Ledger Entries Table (Double-Entry)
Table: ledger_entries
entry_id UUID PRIMARY KEY
payment_id UUID FK → payments
account_id UUID FK → accounts
entry_type CHAR(6) DEBIT | CREDIT
amount BIGINT NOT NULL (always positive)
currency CHAR(3)
balance_after BIGINT (account balance after this entry)
created_at TIMESTAMP WITH TIME ZONE
-- CRITICAL: No UPDATE or DELETE on this table. Ever.
-- Corrections are new entries with opposite direction.
Step 9 — Double-Entry Ledger
Every serious payment system uses double-entry bookkeeping. This is not optional — it is the only way to ensure money is never created or destroyed.
The Core Principle
Every transaction has exactly two sides. The total of all debits must always equal the total of all credits.
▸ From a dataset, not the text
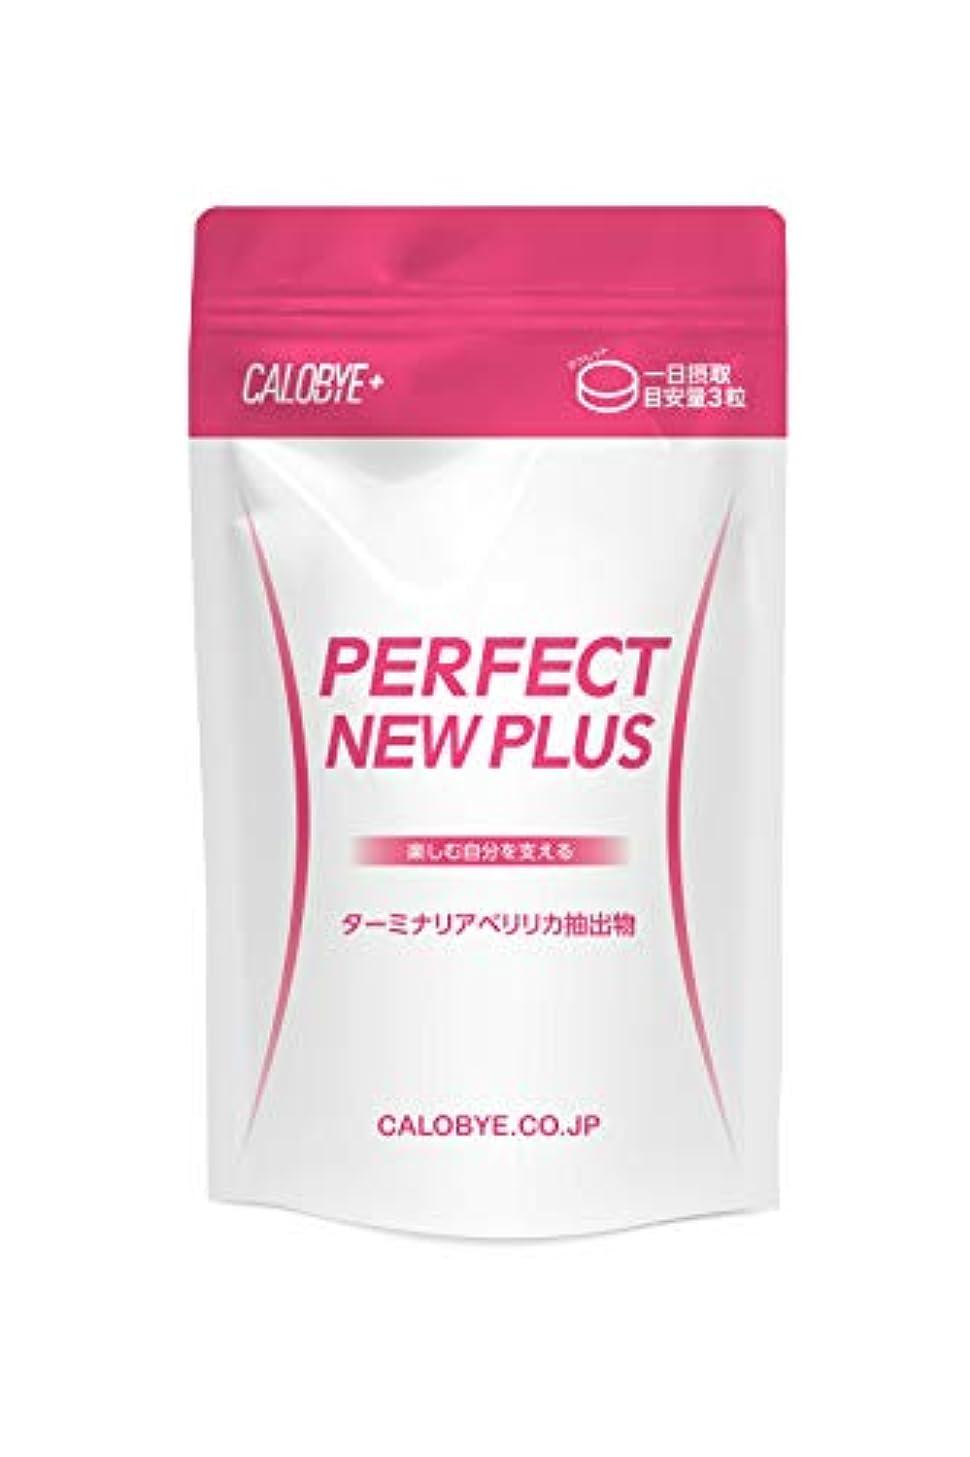 処理するフラッシュのように素早くフラッシュのように素早く【カロバイプラス公式】CALOBYE+ Perfect New Plus(カロバイプラス?パーフェクトニュープラス)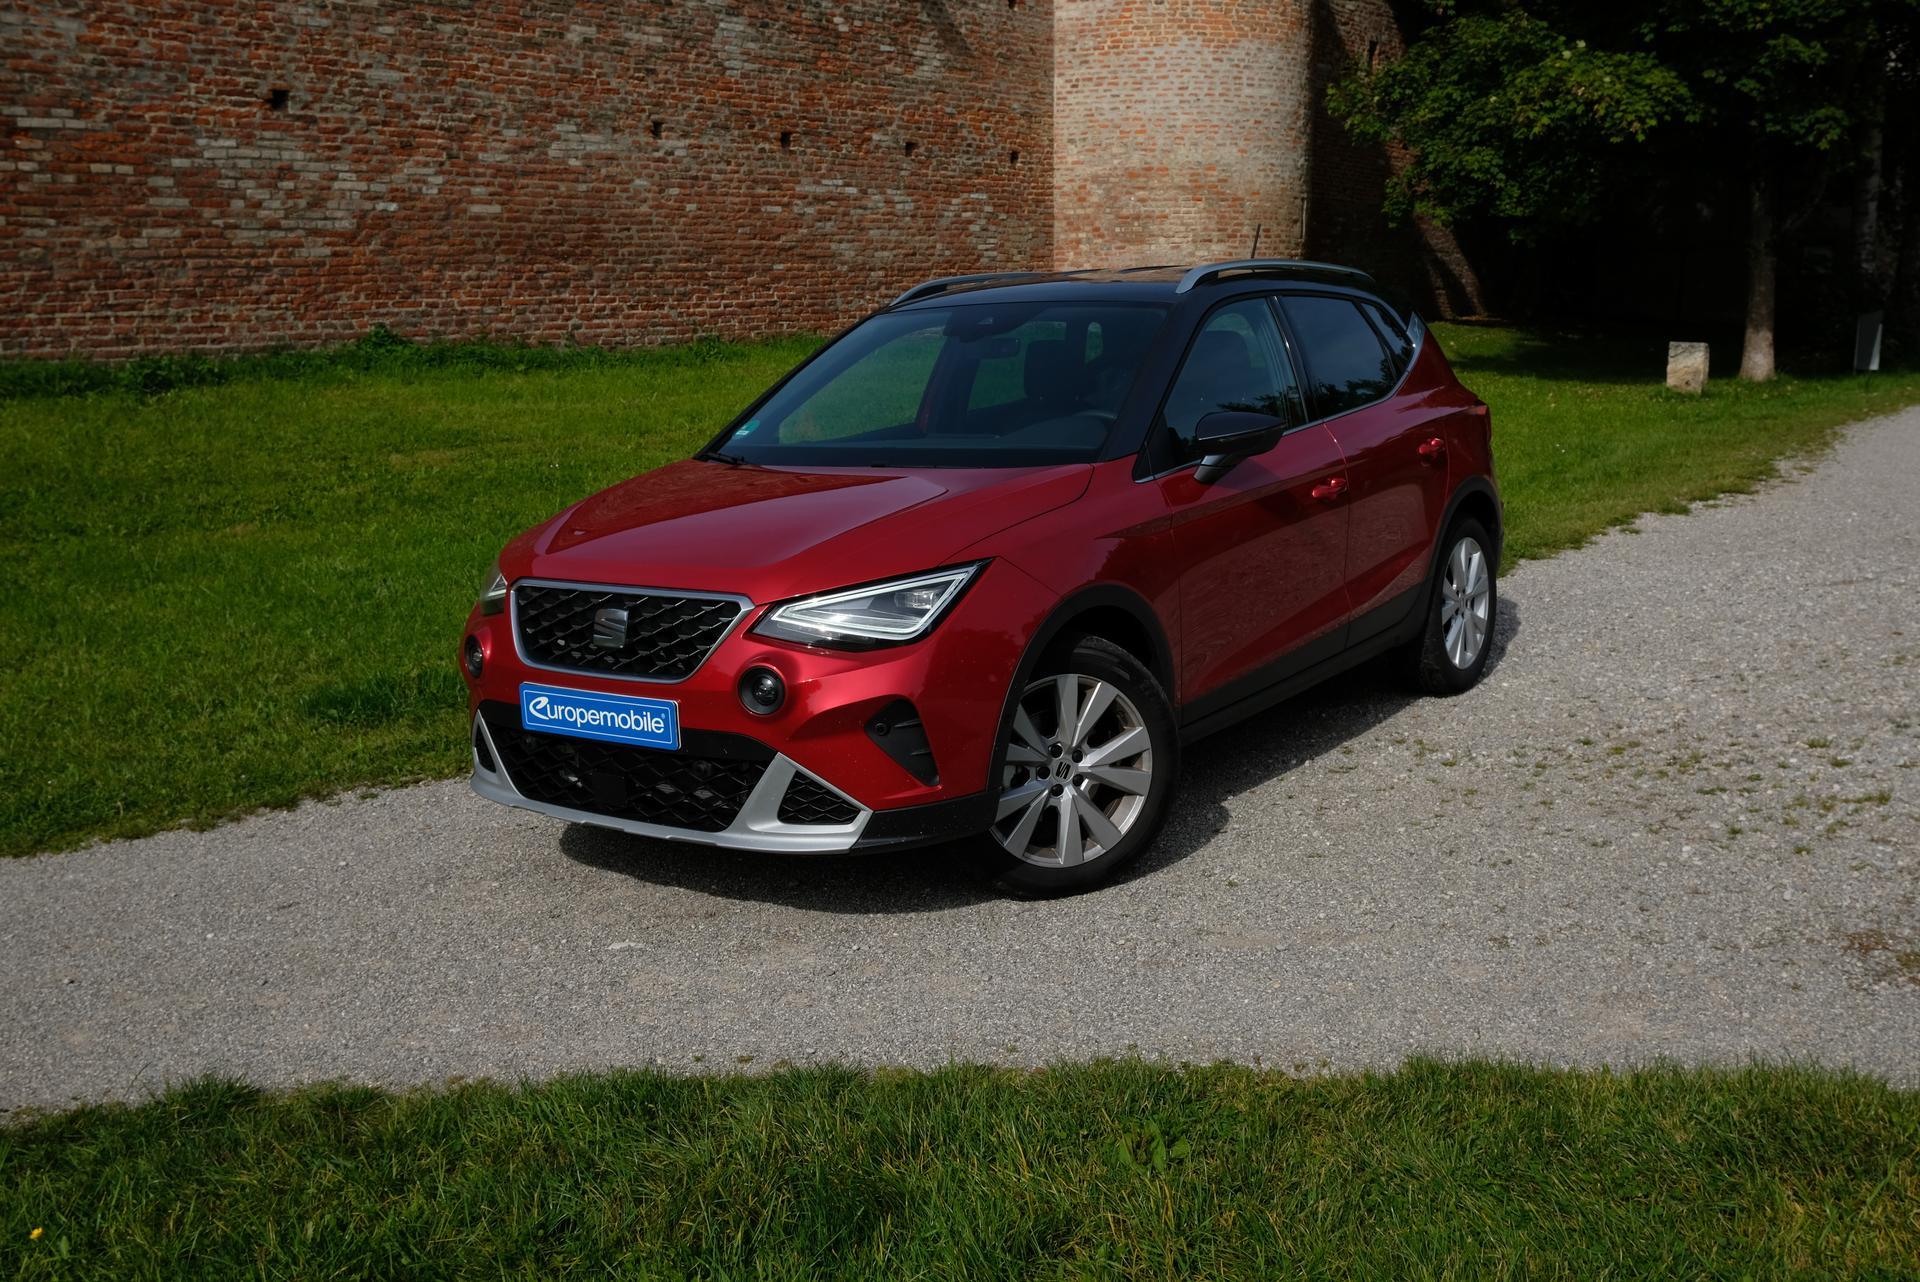 Facelift: SEAT Arona 1.0 TGI in Farbe Rot

Any imbalance signals an error.
Ledger Entries for a $100 Payment (2.9% + $0.30 fee)
| Entry | Account | Debit | Credit |
|---|---|---|---|
| 1 | Customer Receivable | $100.00 | |
| 2 | Merchant Payable | $96.80 | |
| 3 | Fee Revenue | $3.20 |
Total debits ($100.00) = Total credits ($96.80 + $3.20 = $100.00) ✅
The merchant receives $96.80 (after 2.9% fee = $2.90 + fixed fee = $0.30).
Ledger Entries for a Full Refund
| Entry | Account | Debit | Credit |
|---|---|---|---|
| 1 | Merchant Payable | $96.80 | |
| 2 | Fee Revenue | $3.20 | |
| 3 | Customer Receivable | $100.00 |
This exactly reverses the original entries.
Account Types
| Account Type | Normal Balance | Purpose |
|---|---|---|
| Customer Receivable | Debit | Money we expect to receive from customers |
| Merchant Payable | Credit | Money we owe to merchants |
| Fee Revenue | Credit | Processing fees we earn |
| Reserves | Credit | Funds held for potential chargebacks |
| Refund Liability | Credit | Money owed for pending refunds |
Implementation: Atomic Ledger Insert
-- All ledger entries for one payment must be created together — or not at all
BEGIN;
INSERT INTO ledger_entries (entry_id, payment_id, account_id, entry_type, amount, currency)
VALUES
(gen_random_uuid(), 'pay_xyz', 'acct_customer_receivable', 'DEBIT', 10000, 'USD'),
(gen_random_uuid(), 'pay_xyz', 'acct_merchant_payable', 'CREDIT', 9680, 'USD'),
(gen_random_uuid(), 'pay_xyz', 'acct_fee_revenue', 'CREDIT', 320, 'USD');
-- Verify the ledger balances before committing
DO $$
BEGIN
IF (SELECT SUM(CASE WHEN entry_type = 'DEBIT' THEN amount ELSE -amount END)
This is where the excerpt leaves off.